By: Matt Jordan (mjordan) 2013-05-09 09:59:20.476-0500

I'm assuming in the call flow that ASTERISK is at 192.168.69.9, and so the ACK is in response to a 200 OK that we sent in response to an inbound INVITE request. Is that correct?

What's interesting here is how fast the ACK is coming back. It's almost like the SIP dialog isn't yet associated with a channel, as in both cases the channel pointer is NULL. That's awfully strange however, as the channel had to have been created when we sent back the 200 OK.

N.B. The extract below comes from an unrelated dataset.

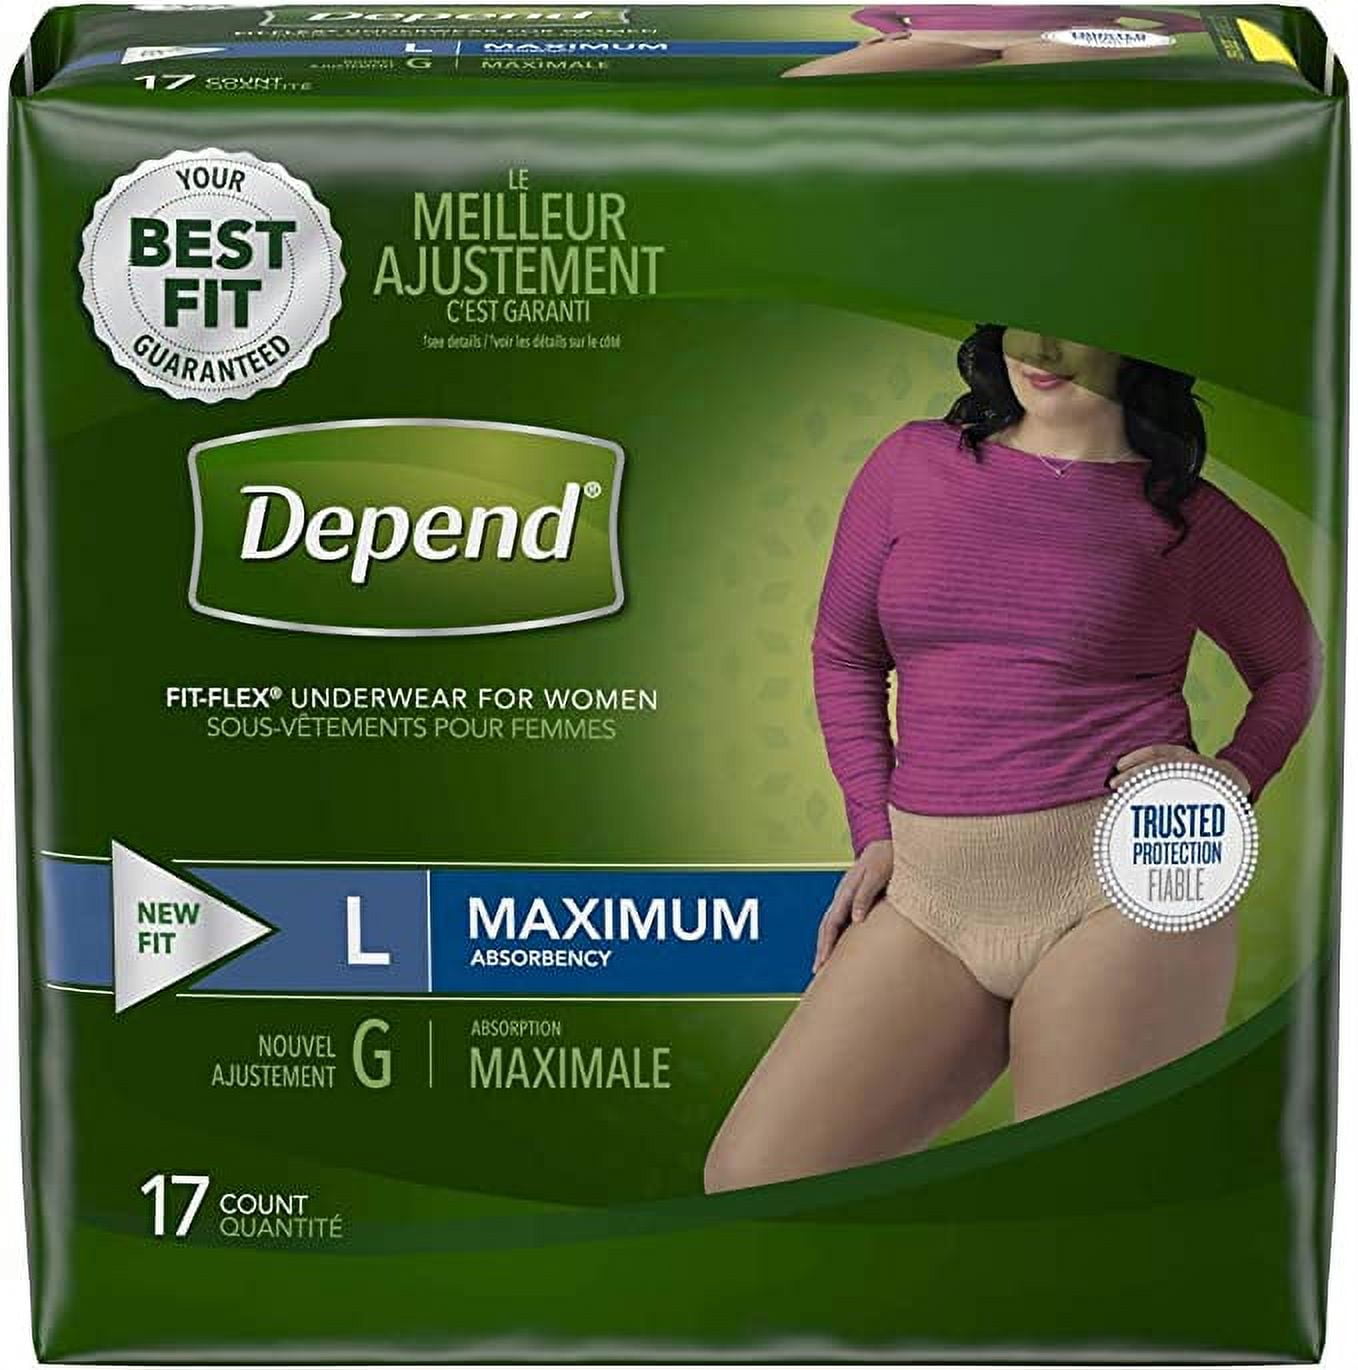  Depend FIT-Flex Incontinence Underwear for Women, Disposable,  Maximum Absorbency, Large, 40 Count : Health & Household

By: Mathieu Boyer (thieums63) 2013-05-11 03:31:47.710-0500

@Rusty : i will try to get a verbose and debug trace. Actually asterisk is compiled with DONT_OPTIMIZE and DEBUG flags. As the load is increasing faster, I can't put on asterisk as much trafic as I can. Is it OK if I provide ONLY debug/verbose and .pcap without backtraces ?
@Matt : yes that's correct.

By: Rusty Newton (rnewton) 2013-05-13 12:35:01.634-0500

@Mathieu, yeah it's okay to just get the log and pcap since you already have backtraces. You don't need those compiler options set for getting a log and pcap.

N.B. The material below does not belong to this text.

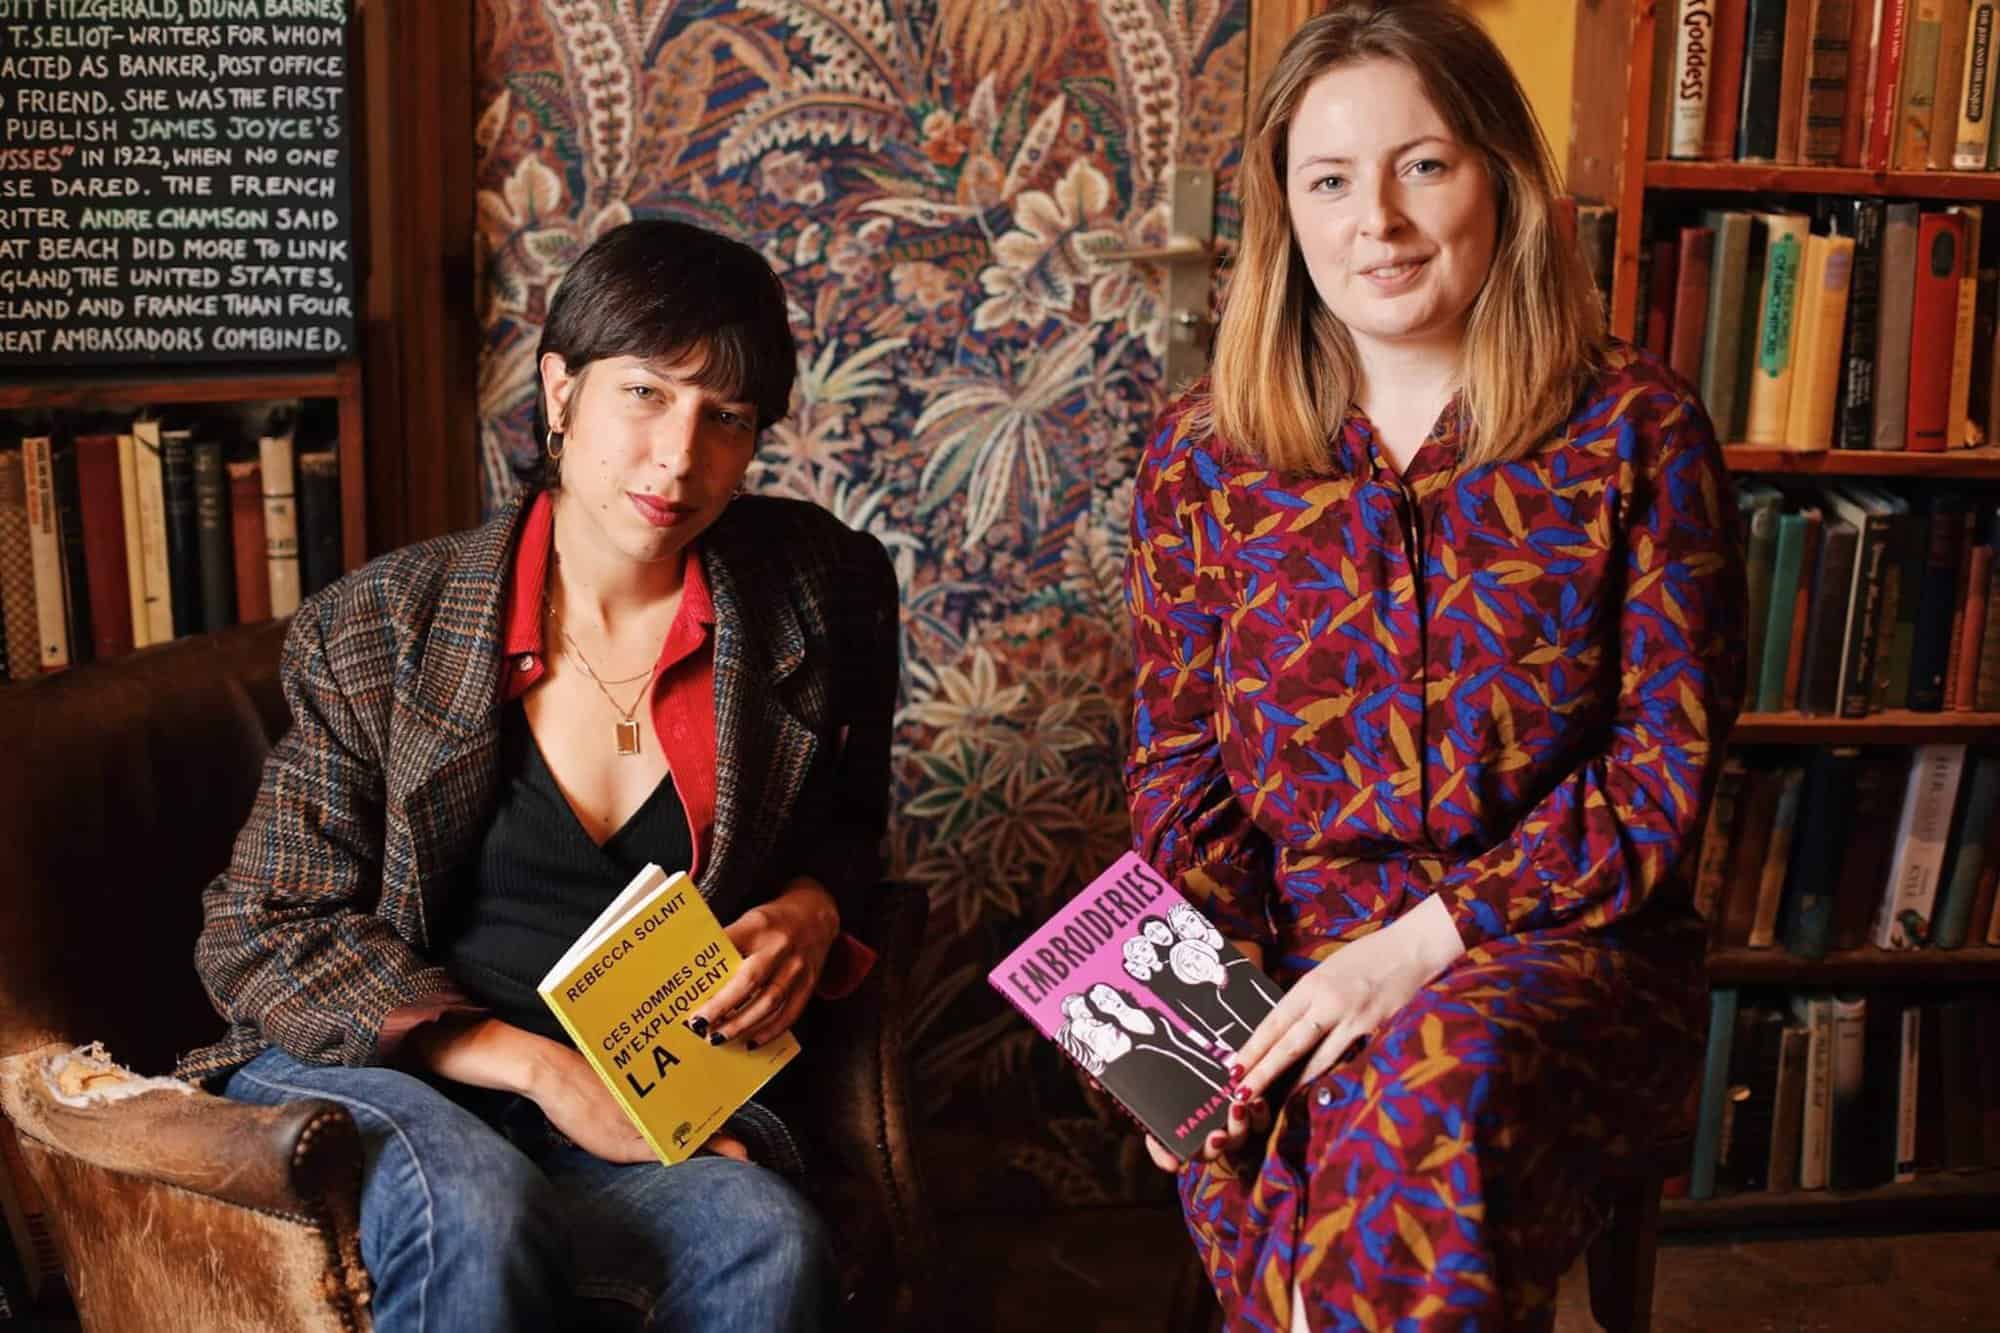 Hosts of the Feminist book club, Camille Lou to the left and Lou Binns to the right, sitting side by side with books in their hands. Camille dressed in a blazer, tshirt and jeans, Lou wearing a long, printed dress, and the two smile at the camera.

By: Mathieu Boyer (thieums63) 2013-05-14 09:01:18.127-0500

The log file includes VERBOSE & DEBUG (level 5)
It's a grep on string "C-000288ca"

We've got a REINVITE @ 13:14:52
[May 14 13:14:52] DEBUG[29928][C-000288ca] chan_sip.c: **** Received INVITE (5) - Command in SIP INVITE
And then a BYE @ 13:14:52
[May 14 13:14:52] DEBUG[26494][C-000288ca] chan_sip.c: **** Received BYE (8) - Command in SIP BYE
As I don't see BYE in the pcap from 192.168.69.10, I guess it comes from carrier side (not captured)

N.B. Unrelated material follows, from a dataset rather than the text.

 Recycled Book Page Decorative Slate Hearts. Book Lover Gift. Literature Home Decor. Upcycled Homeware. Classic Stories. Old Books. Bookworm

The last line in the log file is the last line written by asterisk before it crashed, then respawned thanks to safe_asterisk
[May 14 13:14:52] DEBUG[29928][C-000288ca] chan_sip.c: We're settling with these formats: (alaw)
[May 14 13:14:57] Asterisk 11.3.0 built by exploit @ vil-asterisk01 on a x86_64 running Linux on 2013-05-11 08:32:14 UTC

I just changed my tshark capture filter in order to get every SIP signaling (-f "port 5060")
I'll provide a full SIP trace @ next seg fault

Do you still need DEBUG/VERBOSE traces ?



By: Mathieu Boyer (thieums63) 2013-05-15 02:32:17.251-0500

full sip trace.
192.168.69.10 = ACM (Avaya Communication Manager 5.2.1)
192.168.69.9 = asterisk 11.3.0
192.168.254.29 = SIP carrier (COLT)

By: Rusty Newton (rnewton) 2013-05-17 16:52:46.673-0500

Thanks, I'm sure all that debug will be helpful. For the VERBOSE and DEBUG log it would be nice to see everything happening right before the crash and not just the particular channel you grepped out..

By: Mathieu Boyer (thieums63) 2013-05-18 04:21:39.488-0500

full VERBOSE and DEBUG trace of the minute during the crash.
Generated by grep cmd : grep "\[May 14 13:14" full.1 > crash3.full.log

By: Rusty Newton (rnewton) 2013-05-22 09:54:33.560-0500

Thanks!

By: Rusty Newton (rnewton) 2017-07-25 16:59:07.680-0500

We are cleaning up the issue tracker.

Closing this out as there has been no movement on it for many years and it was filed against versions that are all no longer under bug fix support.

If an issue exists with a supported version of Asterisk please open a new issue and provide debug from a recent supported version. Thanks!